Reboot is the second studio album from the South Korean boy band Treasure, released on July 28, 2023, by YG Entertainment and Columbia Records. The album consists of 10 tracks and was supported by the pre-release single "Move" and the lead single "Bona Bona".
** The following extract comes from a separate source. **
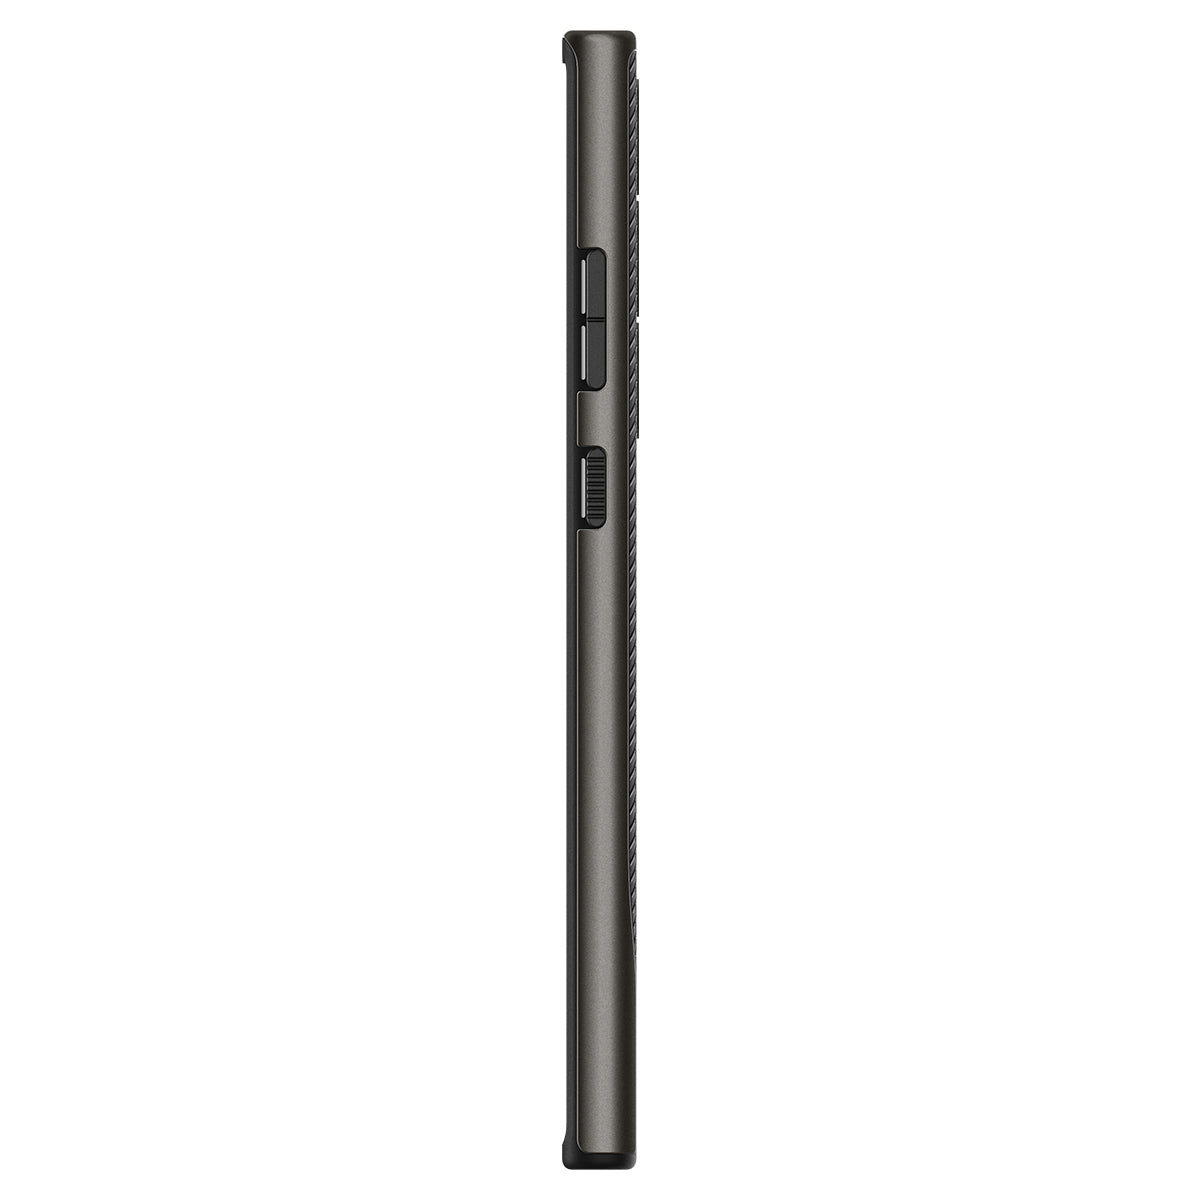 ỐP lưng Spigen Ultra Neo Hybrid cho Samsung Galaxy S23 Ultra - Thiết kế mỏng nhẹ, chống sốc, hỗ trợ sạc không dây, chống bẩn, viền camera cao - Hàng chính hãng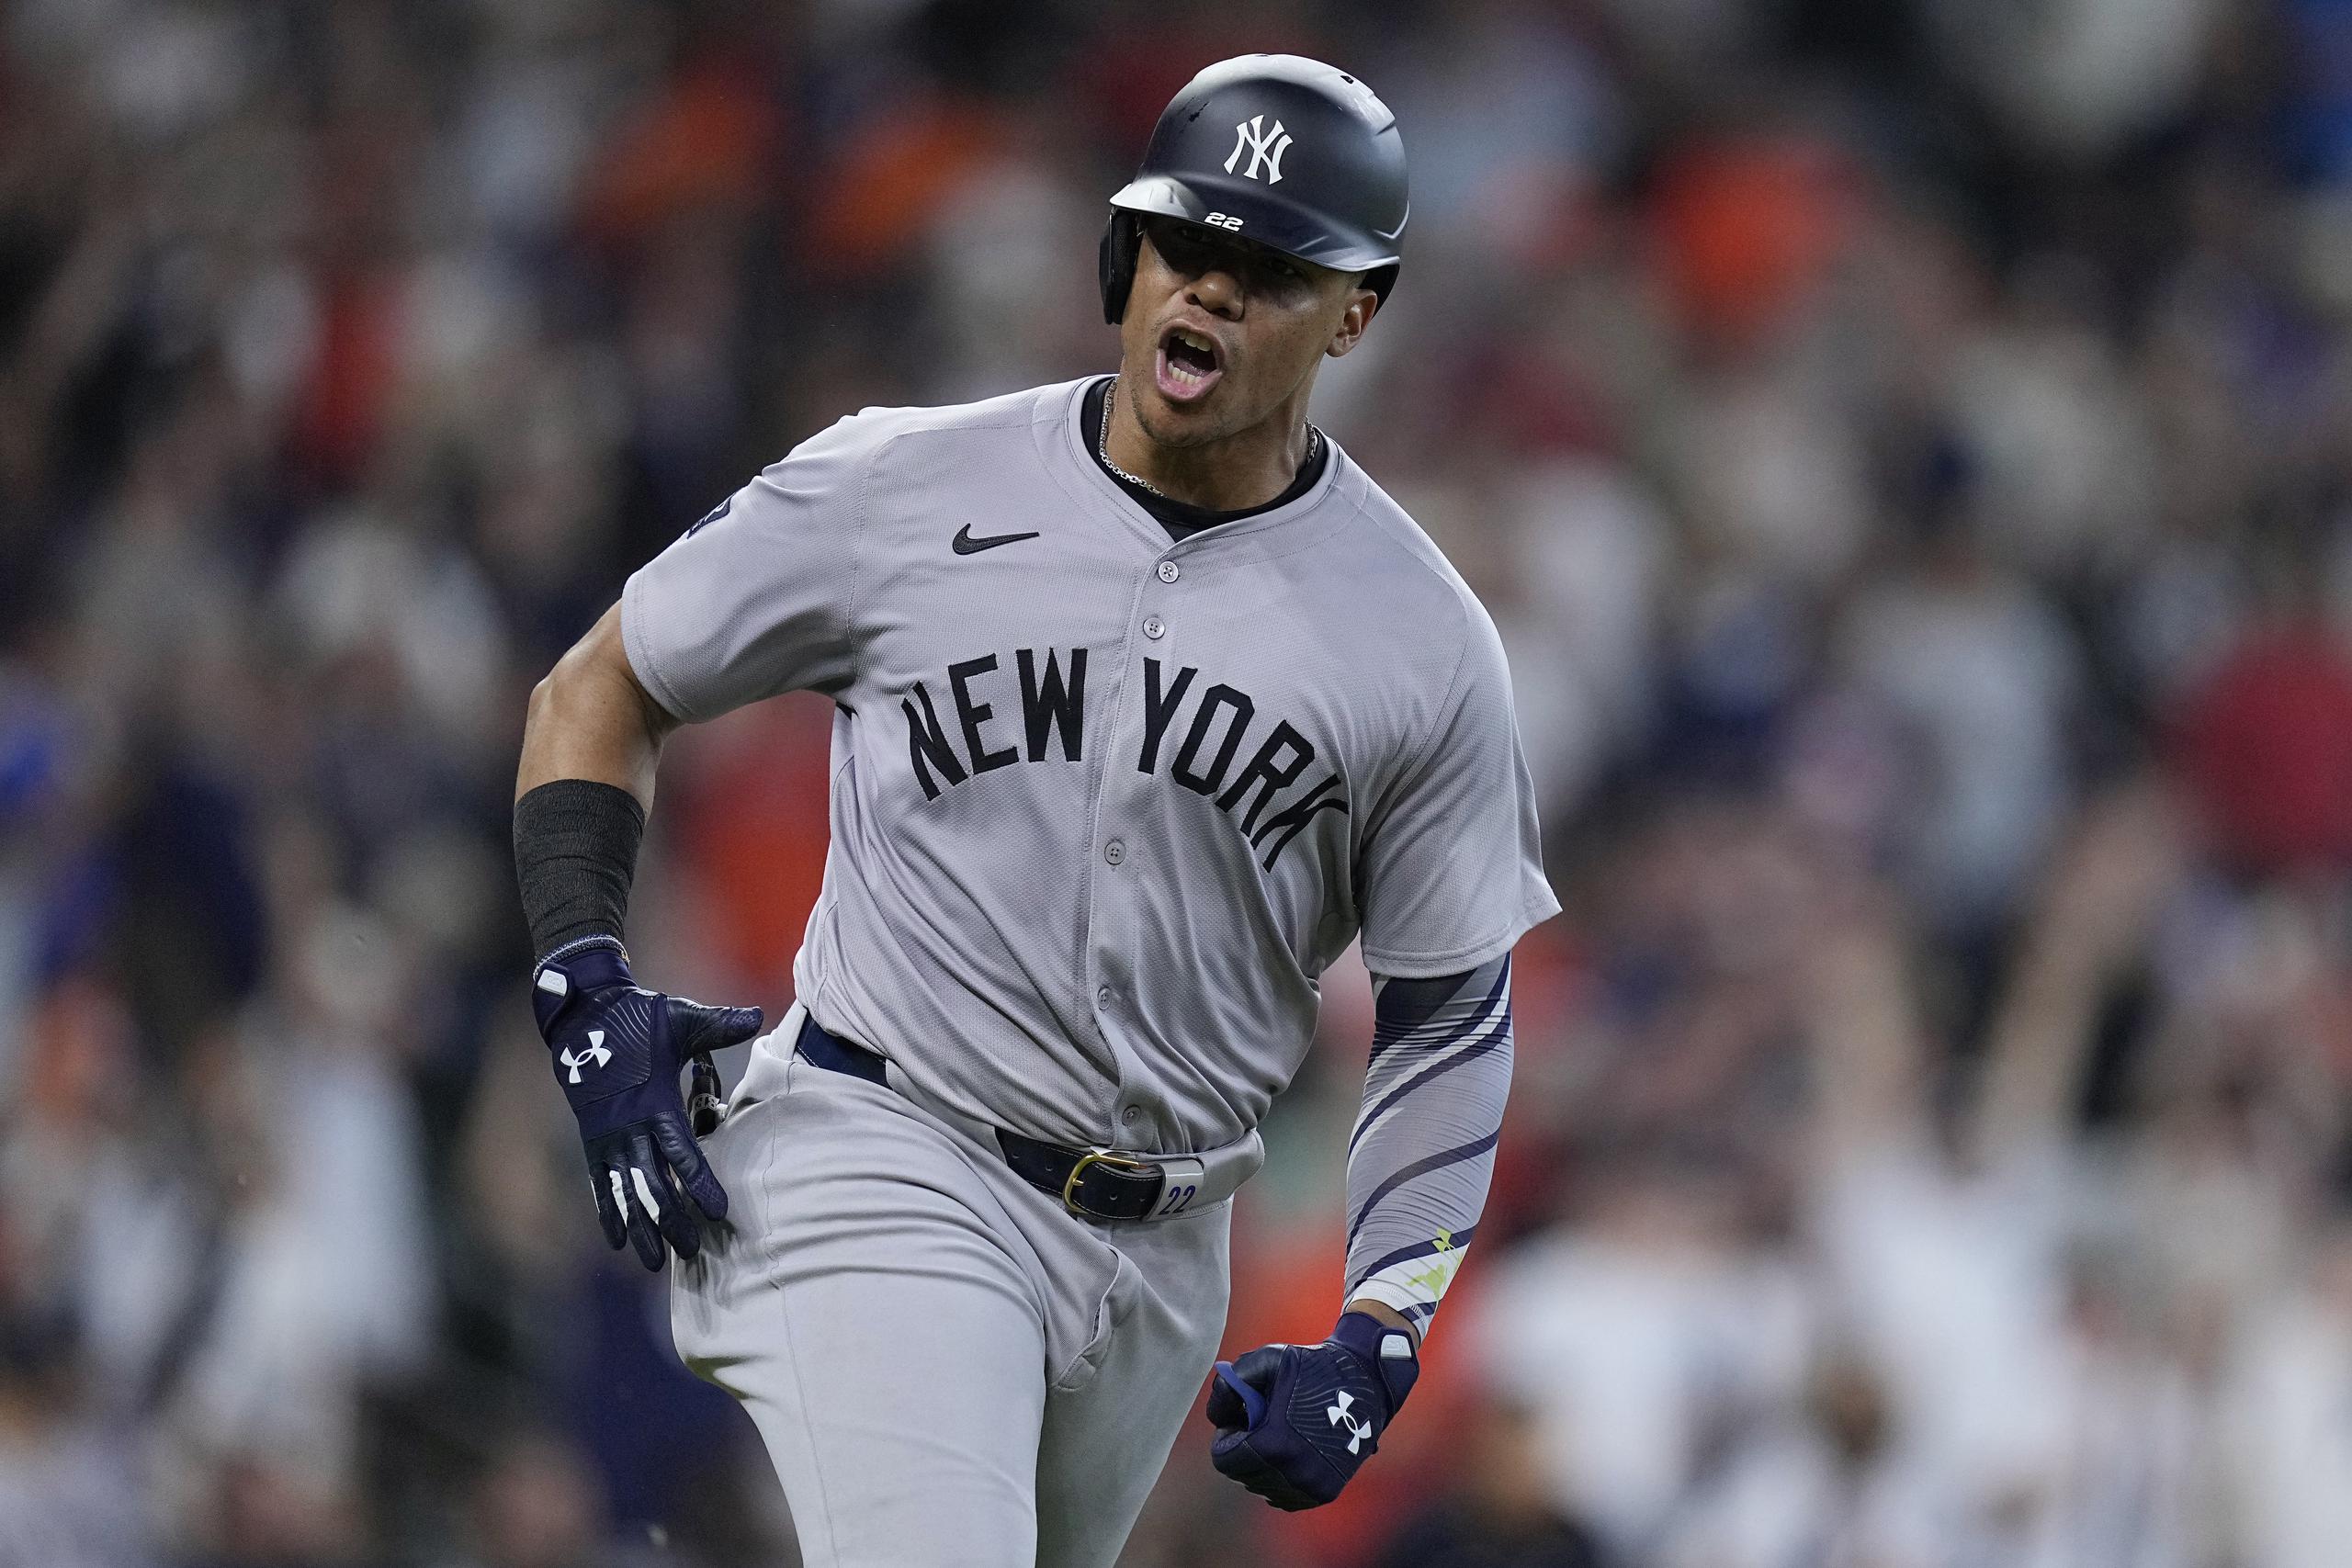 El dominicano Juan Soto de los Yankees de Nueva York celebra luego de conectar un imparable productivo en la novena entrada del juego de béisbol ante los Astros de Houston.

== Background and release ==
On June 12, 2023, in a video posted on Treasure's official YouTube channel, YG Entertainment's founder Yang Hyun-suk announced a "reboot" project for Treasure, which included plans for a second studio album, and the creation of the first Treasure sub-unit, T5, which would participate in pre-release promotions prior to the release of the second studio album. The members of T5, So Jung-hwan, Junkyu, Jihoon, Yoon Jae-hyuk, and Doyoung, were revealed through concept photos posted online. On June 19, YG Entertainment announced that T5 would debut with the track "Move," and revealed the dance practice video for "Move" would be released on June 21, a week before T5's official debut as a special promotional strategy. On June 28, "Move" was released on streaming platforms, alongside the music video, a week after the dance practice video was posted.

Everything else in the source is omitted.